TASK DETAILS => The whole listing needs to be written out exactly, except for any images.

RECORDED DATA =>
◆ ◆ ◆ ◆

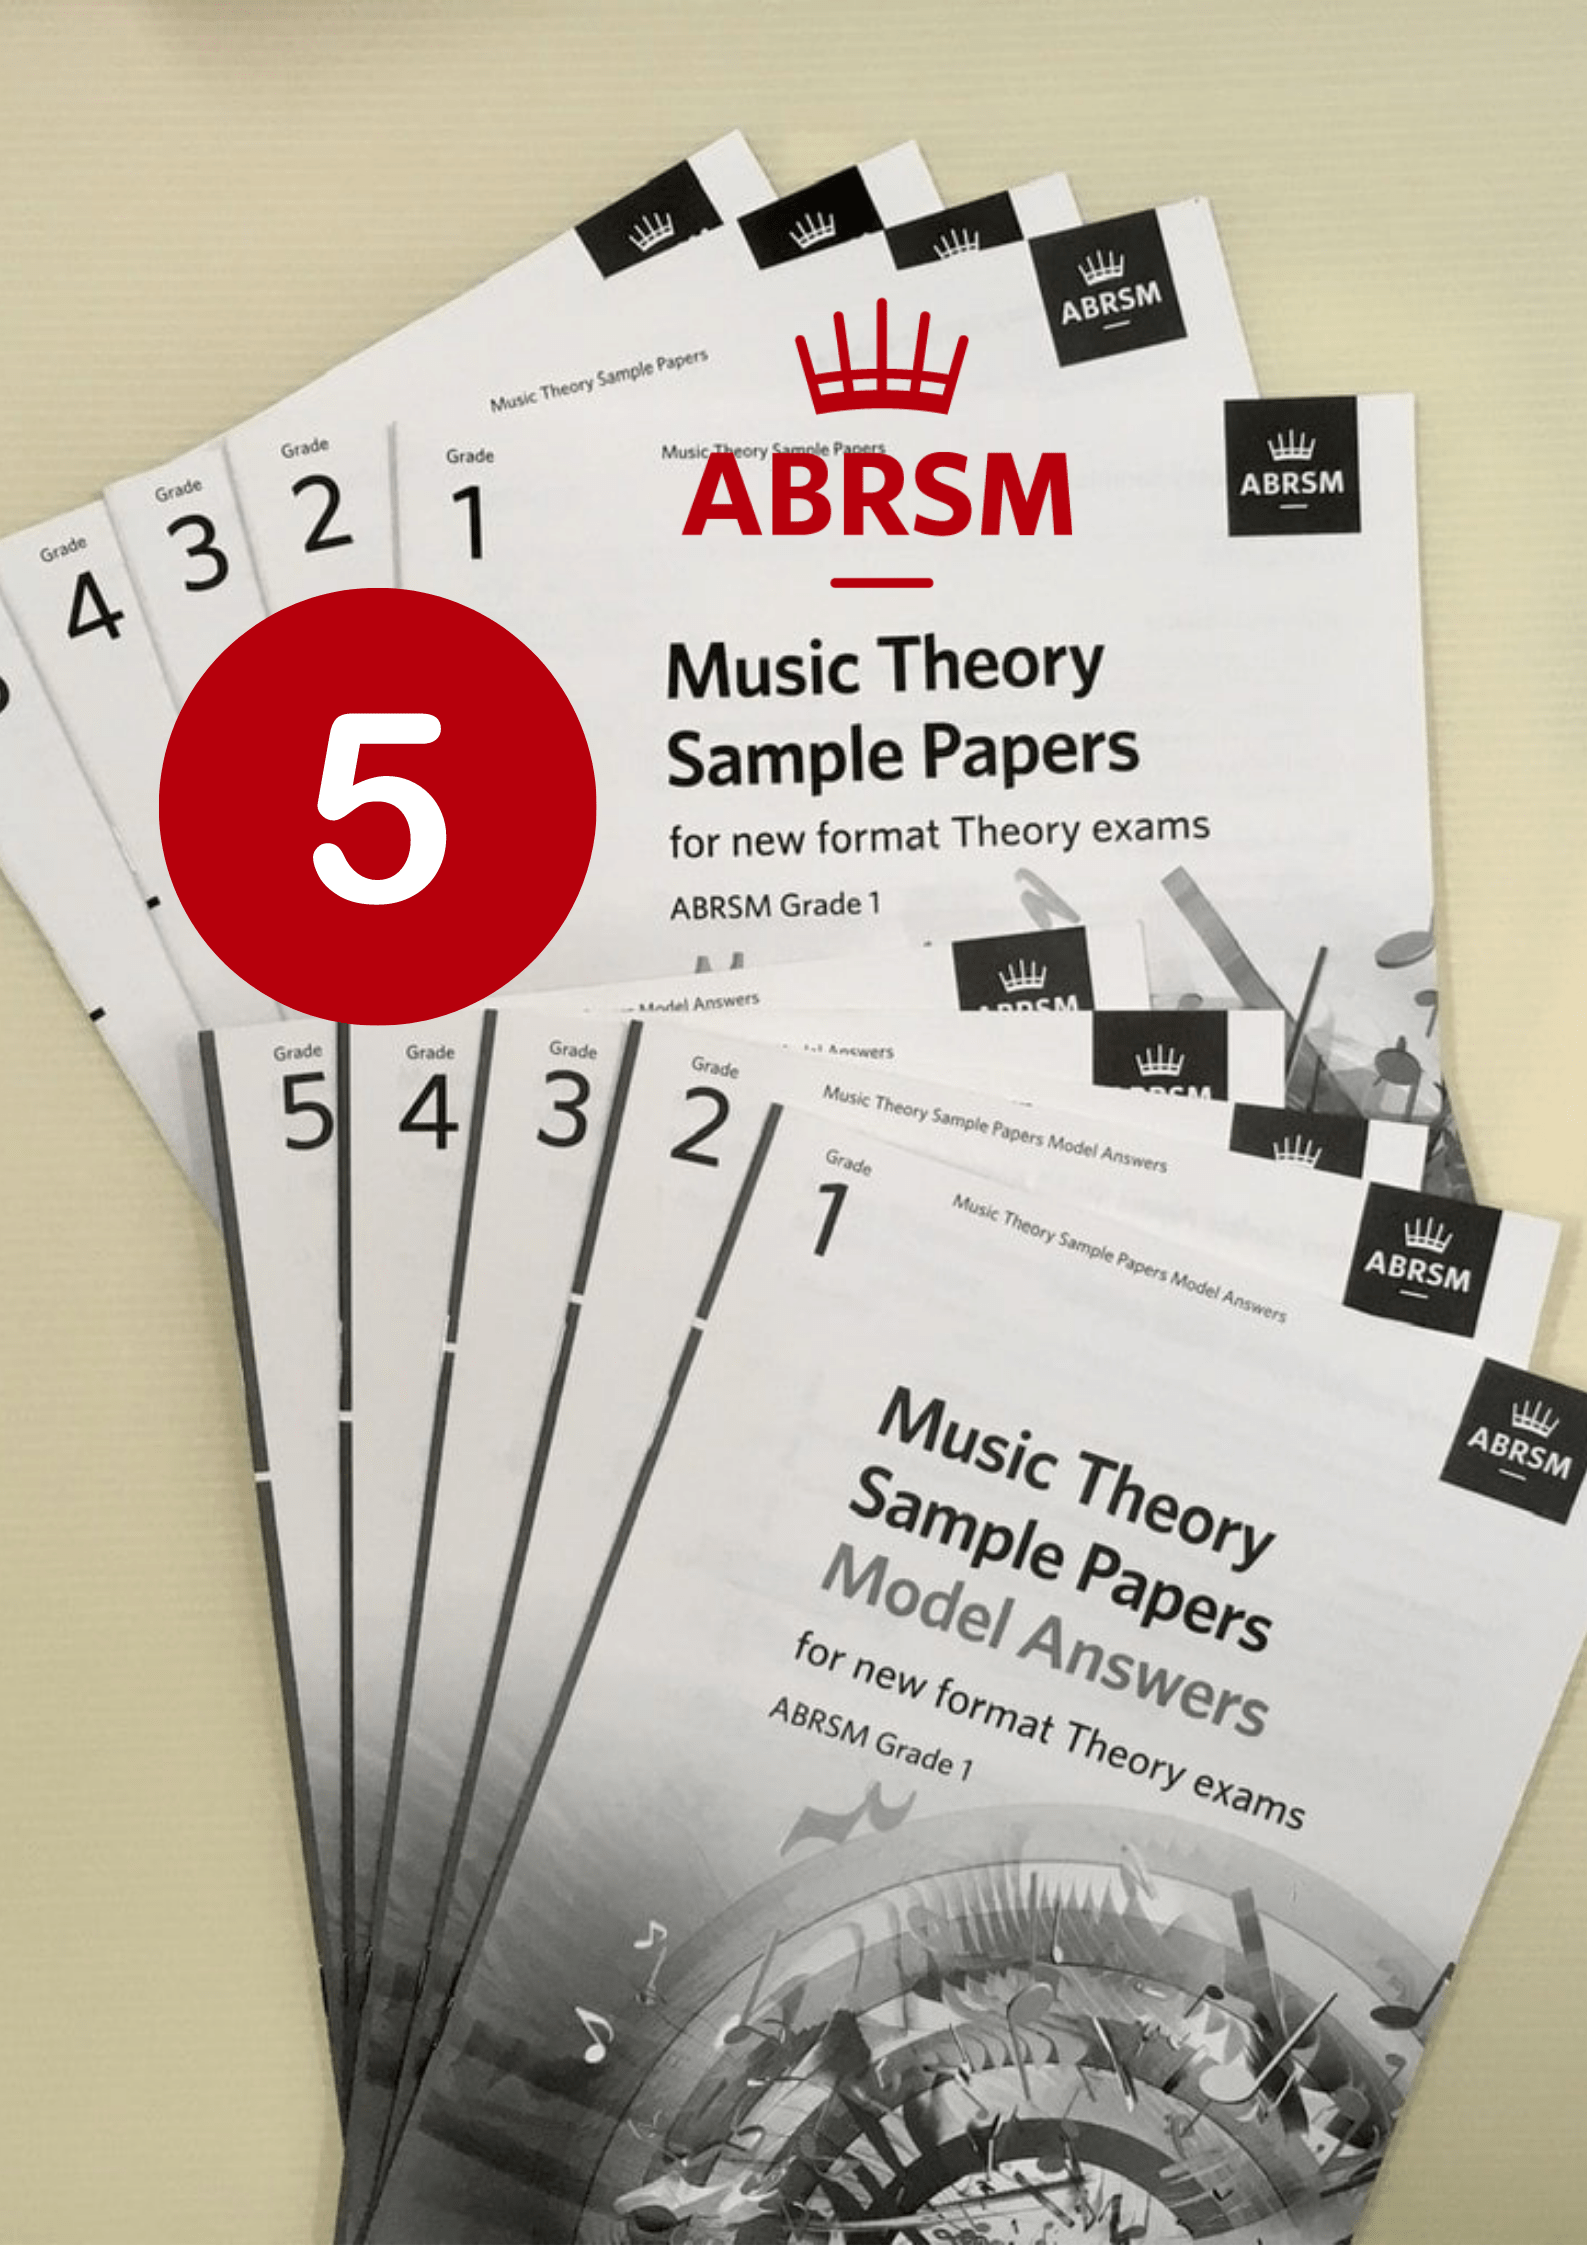 نمونه سوالات تئوری موسیقی گرید ۵ ABRSM
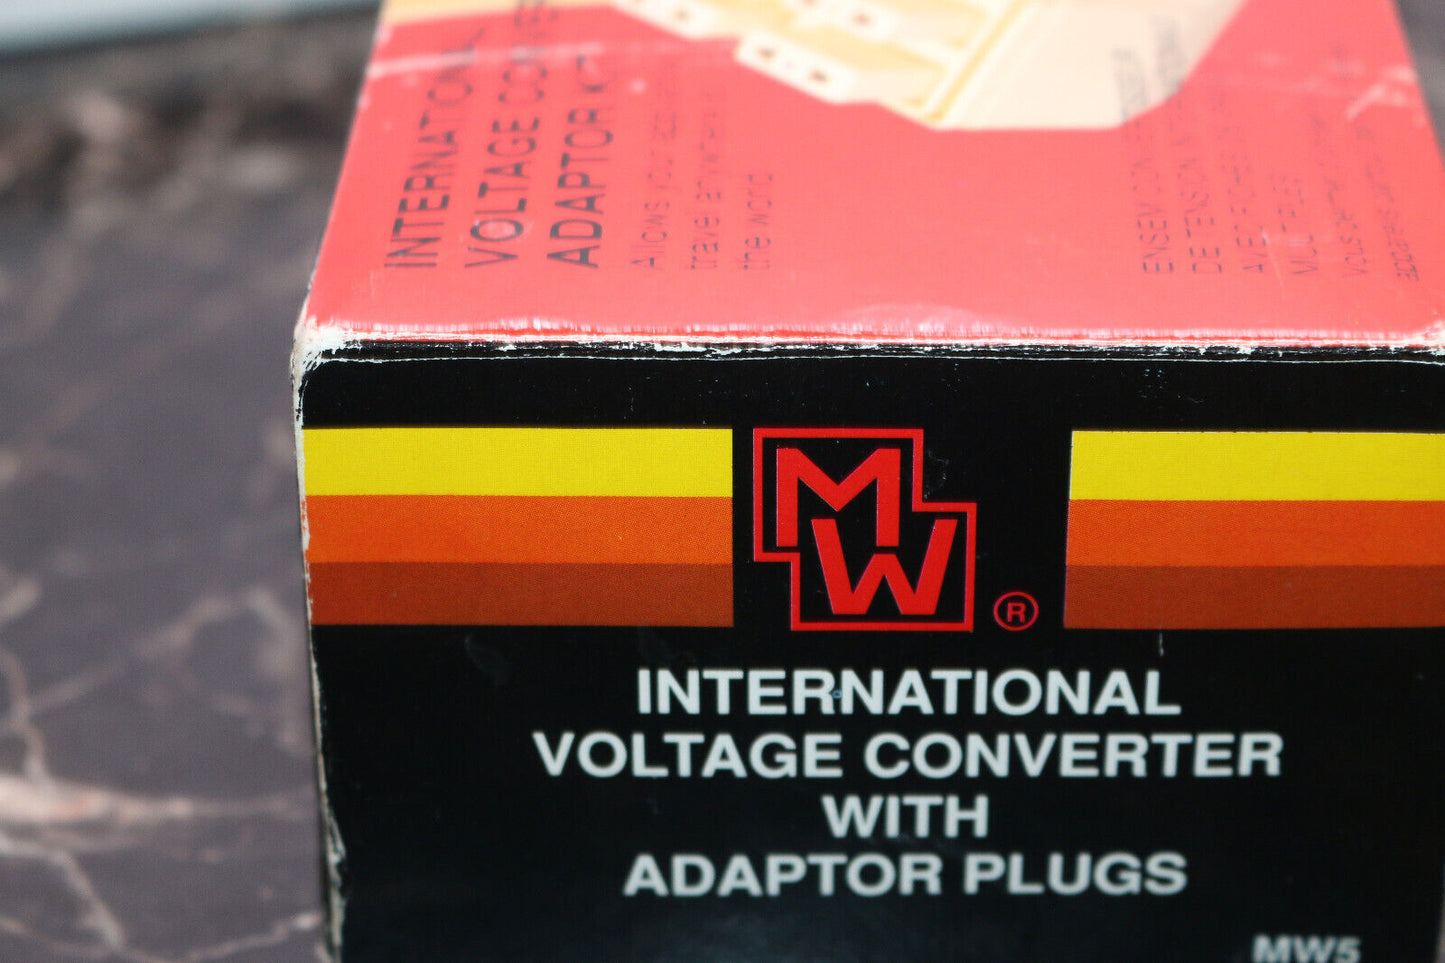 Vintage Travel Care Model International Travel Converter Adaptor Kit Mw
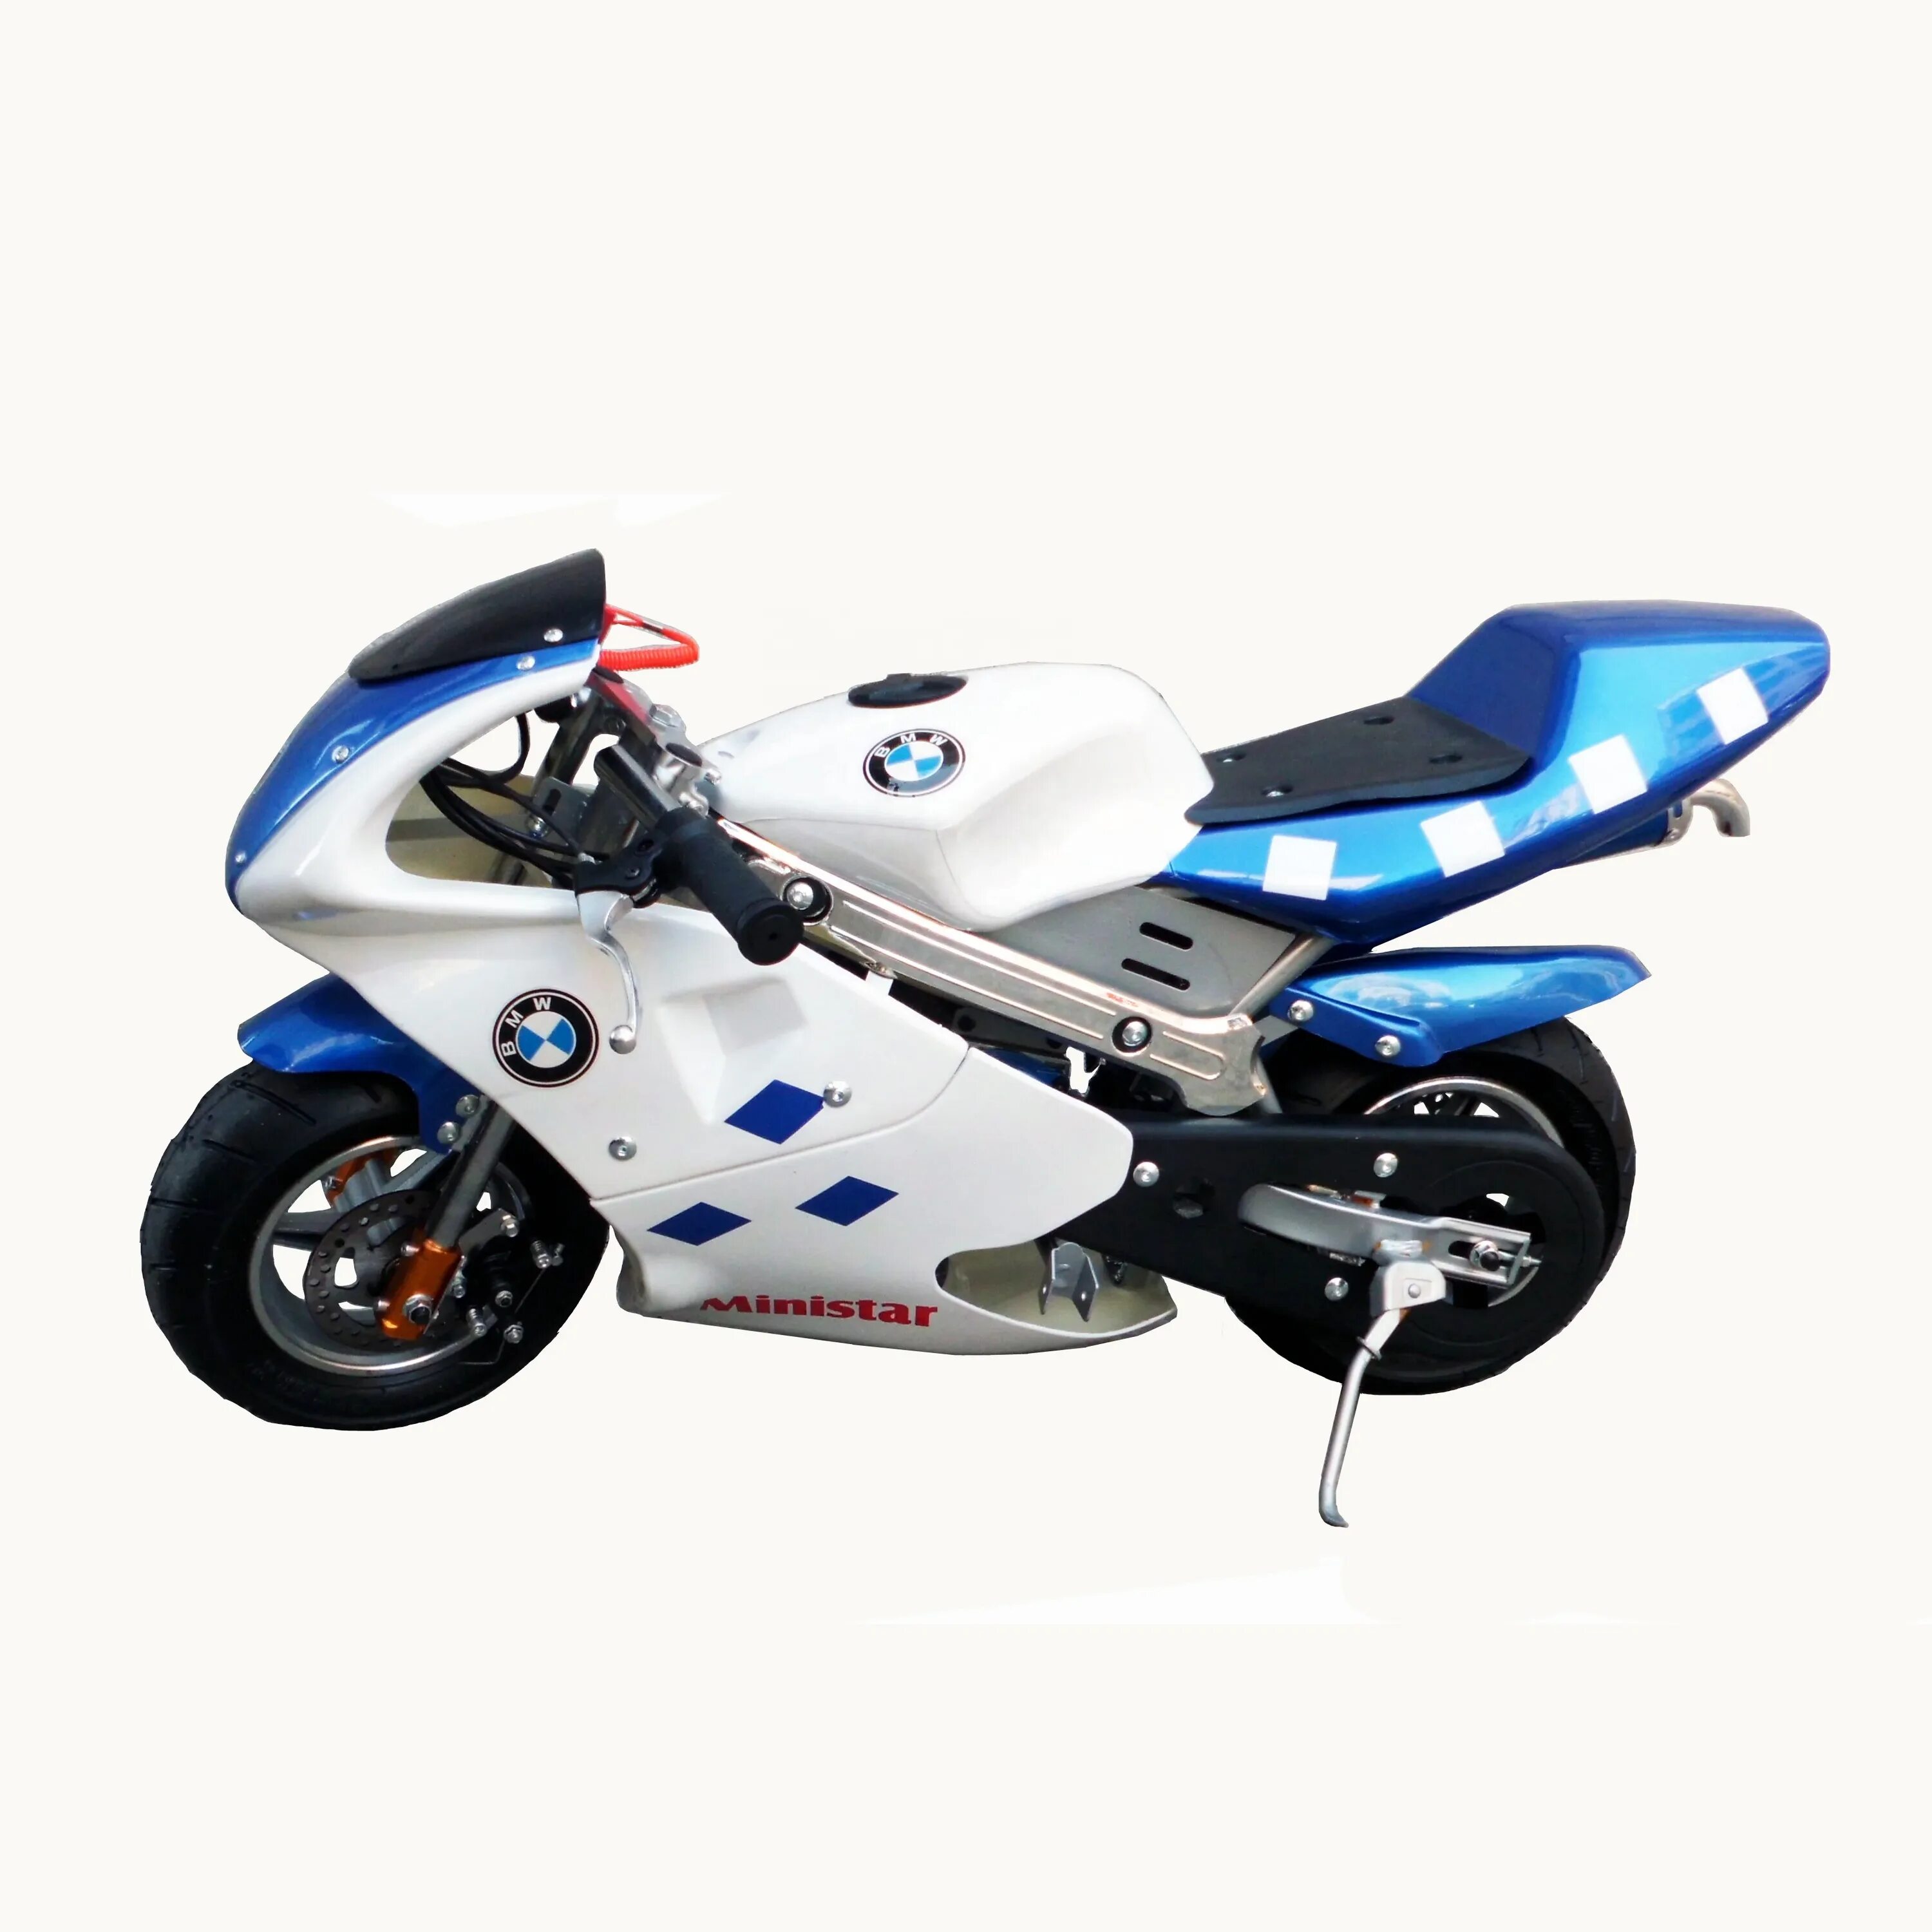 Mini Moto Bike 49cc. Pocket Bike 49cc. Минибайк бензиновый 49 см3. VMS 49cc мотоцикл детский. Купить детский мопед

◆ ◆ ◆ ◆

EXERCISE OUTPUT =>
 نمونه سوالات تئوری موسیقی گرید ۵ ABRSM
 Vintage Travel Care Model International Travel Converter Adaptor Kit Mw
 Mini Moto Bike 49cc. Pocket Bike 49cc. Минибайк бензиновый 49 см3. VMS 49cc мотоцикл детский. Купить детский мопед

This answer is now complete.